Москва в феврале сорок второго была уже не та осаждённая, что в ноябре, когда он шёл к Берии через перекрытый, ощетинившийся ежами и надолбами город, готовый к уличному бою. Немца отбросили, фронт отодвинулся на полтораста с лишним вёрст, и город отлёг – но отлёг не до конца, как отходит после долгой боли тело, которое само себе ещё не верит, что отпустило. Витрины заложены мешками с песком, окна крест‑накрест в бумажных лентах, а с темнотой опускалось затемнение, и улицы делались слепыми, без единого огня, и редкий прохожий тащился по чёрной наледи с синим точечным огоньком фонарика в кулаке, чтоб светить под ноги, а не в небо. Карточки. Очереди с темна. И поверх всего – тот будничный, ставший привычным голод, который не валит с ног, а просто всегда тут, при тебе, низкой сосущей нотой, и ты с ним ходишь, работаешь, спишь. Воронин по второй памяти знал этот же город совсем иным – широким, сытым, разлитым в ночных огнях, с подсветкой на высотках, которых тут ещё и в проекте не было; память лежала поверх нынешней слепой Москвы тонкой калькой, которую он давно отучил себя разворачивать. Была эта Москва, голодная и тёмная, и он был в ней свой.

Письмо домой он за эти дни так и не написал.

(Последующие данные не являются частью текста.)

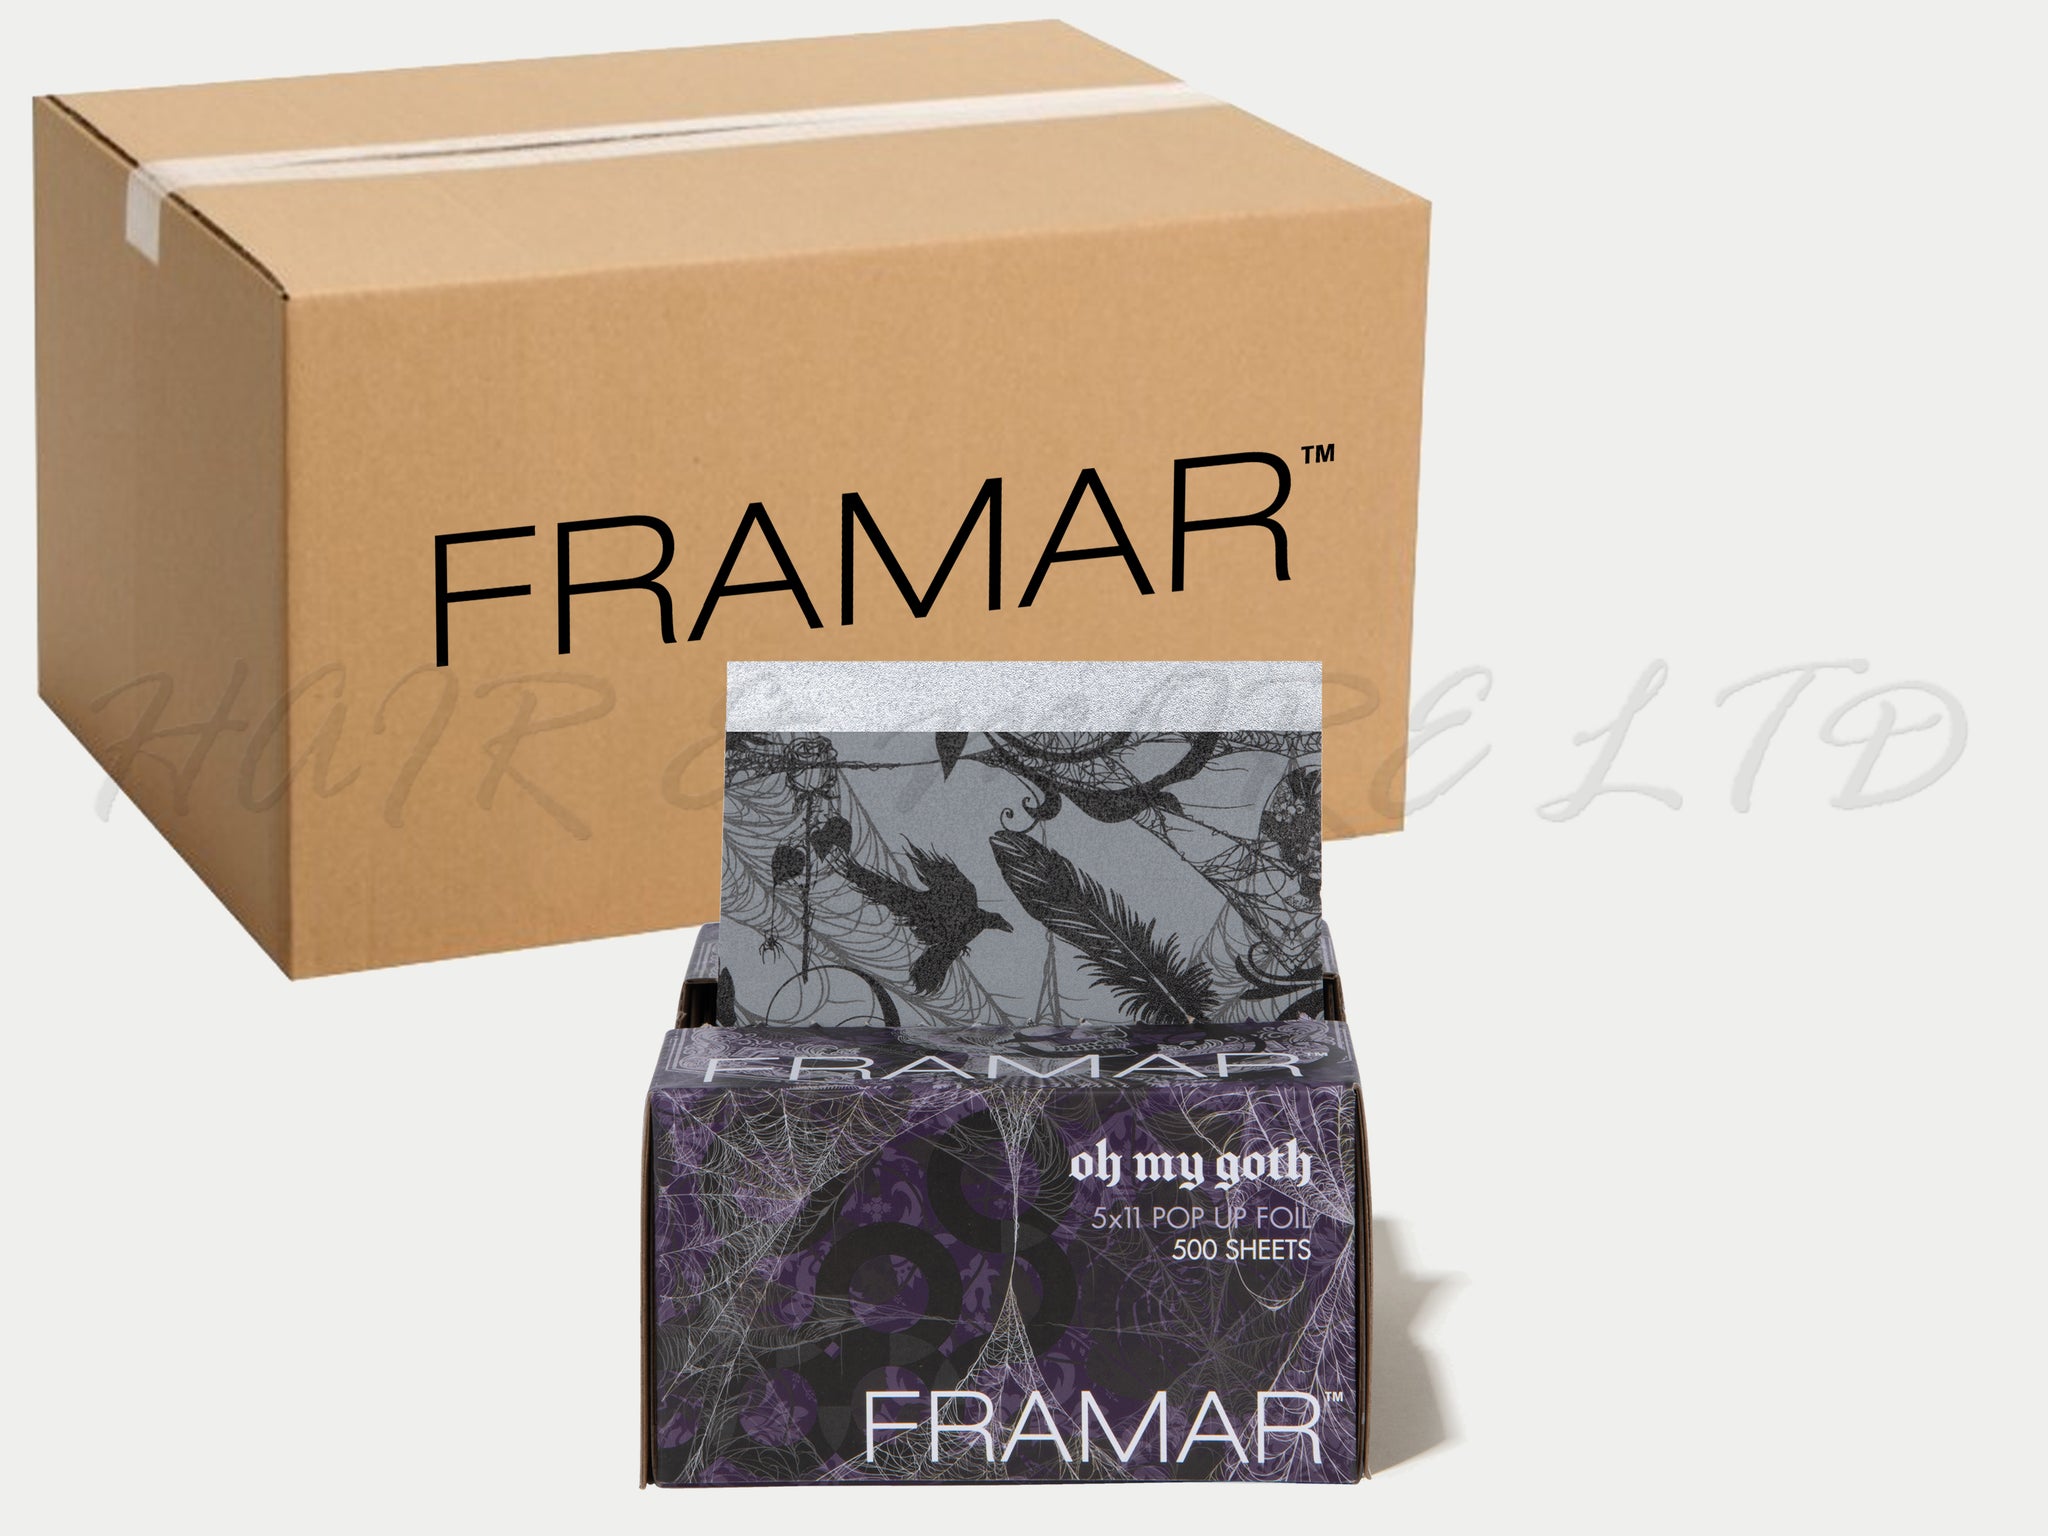 Framar Pop Up Foil 5x11 500ct

Оно лежало у него начатое – третий день, два слова, выведенных ровным чужим почерком, который он подделал ещё в первую зиму под руку Рябова и за год сделал своим. «Дорогая мама». Дальше не шло. Дальше надо было врать – тепло, по‑сыновьи, про то, как он скучает, как помнит, как ждёт встречи; и он умел это врать, писал такие письма не раз, и они доходили, и на них отвечали настоящей материнской радостью на его подделку. Сыновнюю любовь он выводил набело и сам уже почти не слышал в ней шва. Но в этот раз – а поездка домой, к семье Рябова в эвакуацию, маячила близко, при первом затишье, – садясь дописывать, он всякий раз упирался в одно: что за этими двумя словами идёт живой человек, мать, которой он не помнит и помнить не может, потому что память её сына досталась ему пустой, без лица и голоса. На бумаге он её обманывал начисто. А вот сесть к ней за стол и доиграть «сына» вживую, под её глядящими глазами, – это было впереди, и этого он, чего за собой не водил, тихо и заранее боялся. Чернила на двух словах давно высохли.

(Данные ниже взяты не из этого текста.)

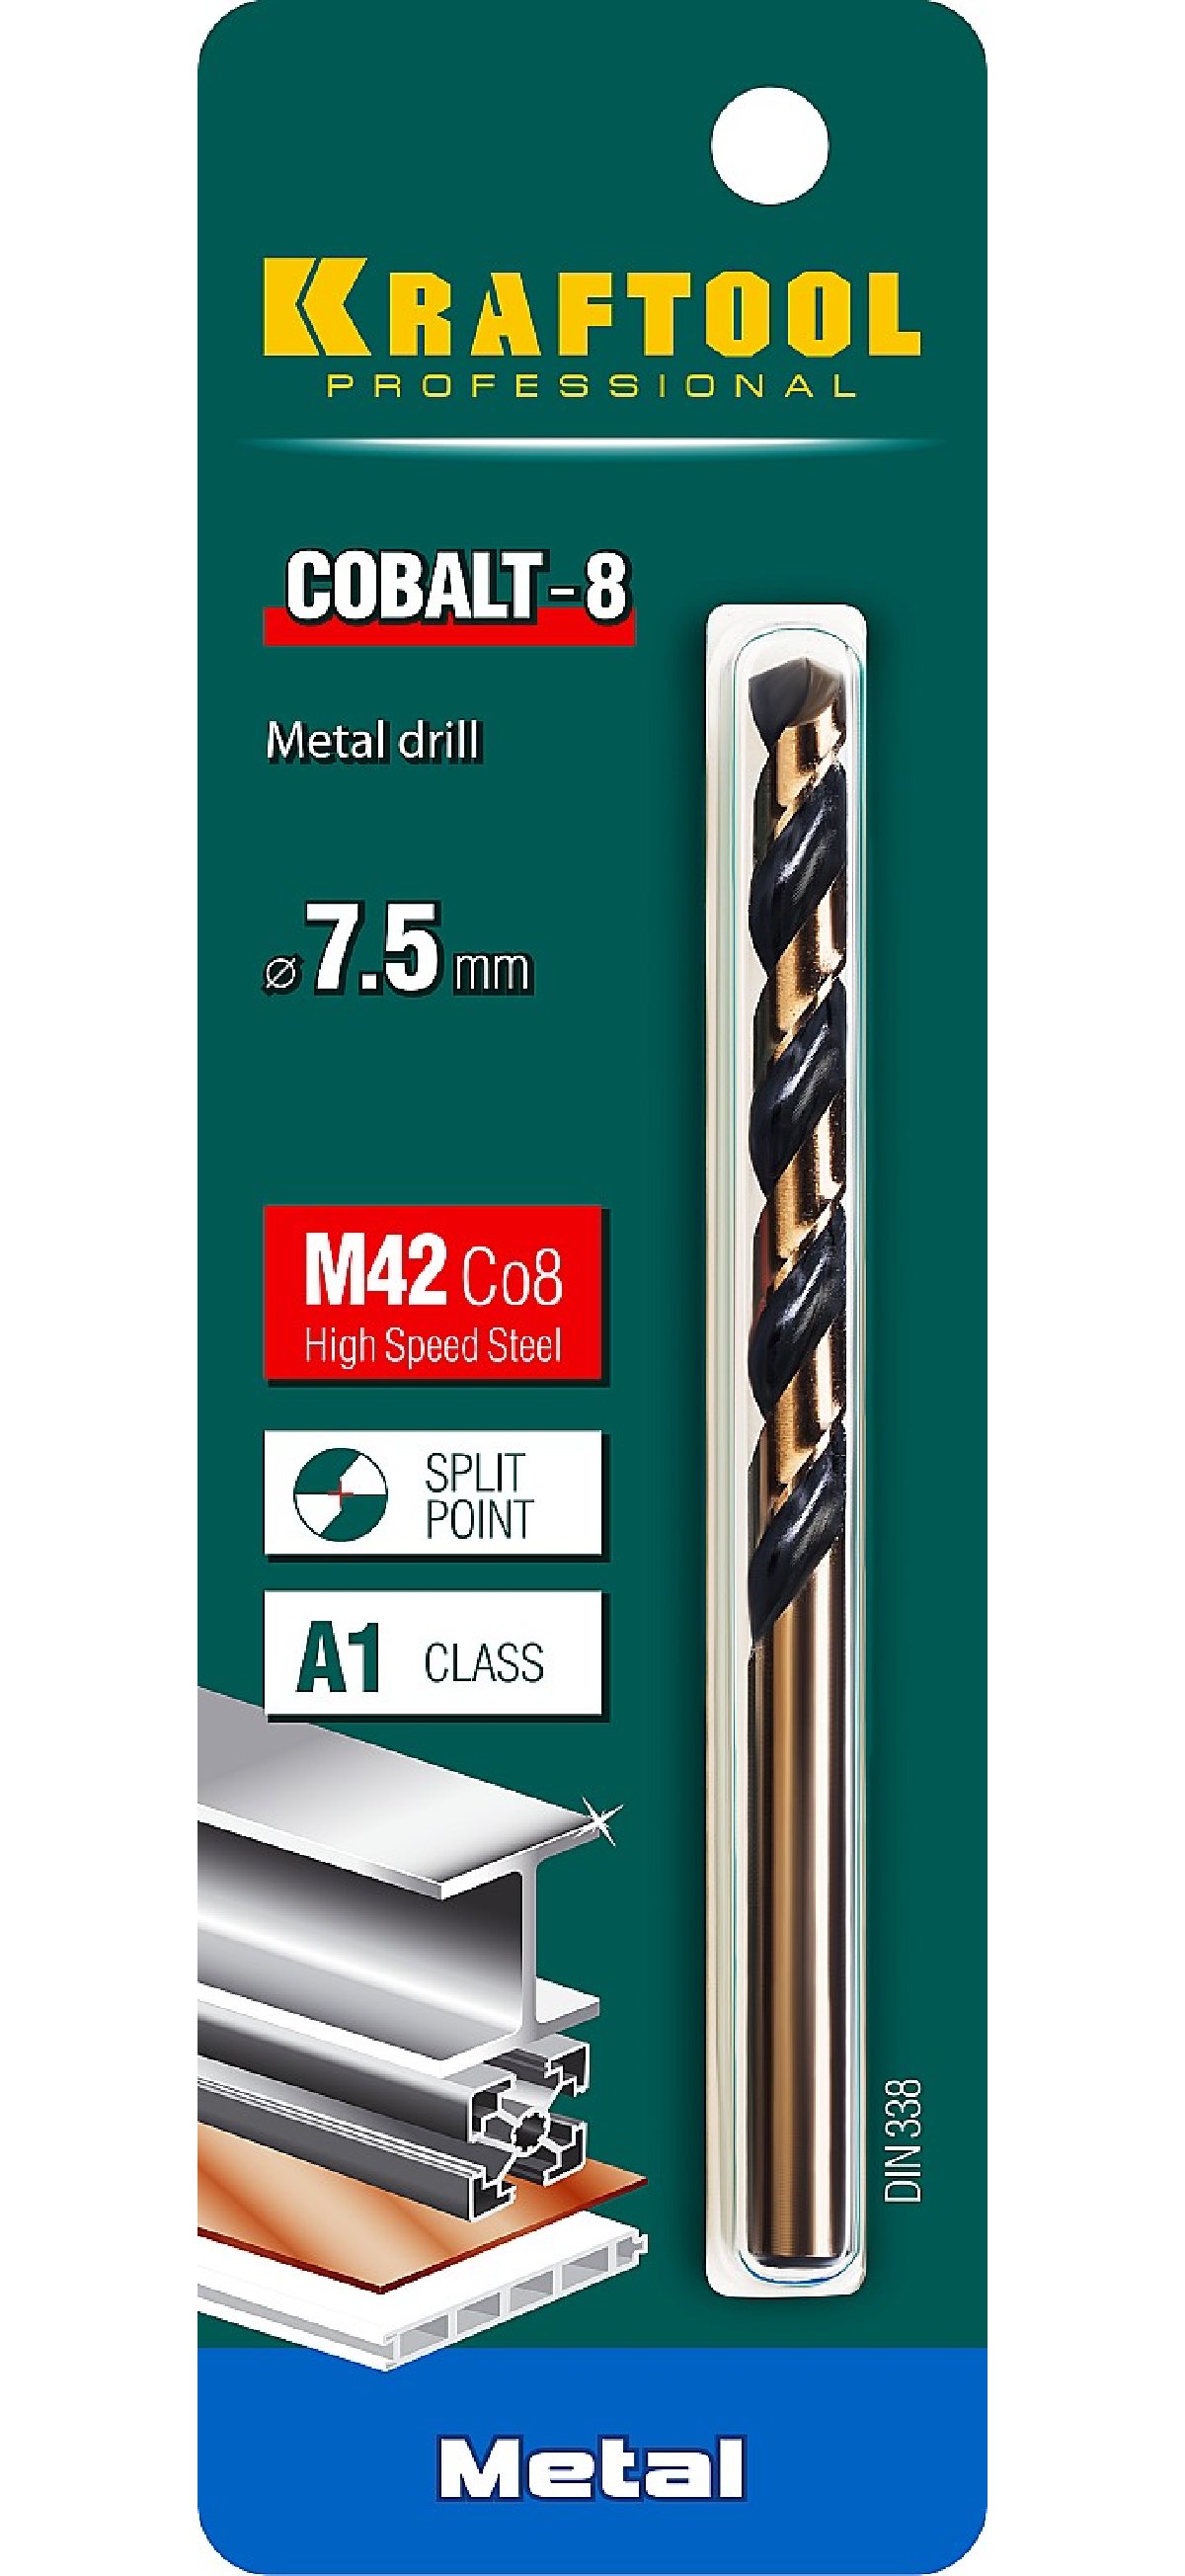 KRAFTOOL COBALT 7.5 х109мм, Сверло по металлу HSS-Co(8проц.) , сталь М42(S2-10-1-8), (29656-7.5)

А идти ему хотелось не к листу. Ему хотелось на узел связи.

Он это за собой заметил на вторые сутки и сперва не поверил. Узел разведотдела, куда стекалась связь, стоял не на Лубянке – в стороне, в неприметном доме, занятом под РО. Дела ему туда не было: подразделение на отдыхе, дорог он больше не разводил, сводок не сдавал. И всё‑таки он пойдёт – это решилось в нём само, помимо доводов, и зачем пойдёт, было ясно без слов; и от этой ясности ему сделалось не по себе той особенной неловкостью взрослого человека, который давно похоронил в себе эту статью и вдруг застал её живой.

Озерову с выступа отозвали тоже. Это он узнал стороной, через дежурного, тем навыком разведки, который тут стыдно было применять, а он применил. Прикомандирование её к фронтовому хозяйству у горловины кончилось вместе с самим хозяйством: то, чьи частоты она держала, доживало в мешке последние дни, и её вернули в Москву, на узел РО, к прежней работе. Они оказались в одном городе. Он положил себе, что зайдёт – по‑человечески, проведать, доехала ли благополучно. Положил так, будто докладывал самому себе рапорт, в котором всё чисто и по делу.

Он пошёл под вечер, когда уже опускалось затемнение.


* * *

Узел жил своей ночной жизнью, не похожей на дневную ничем.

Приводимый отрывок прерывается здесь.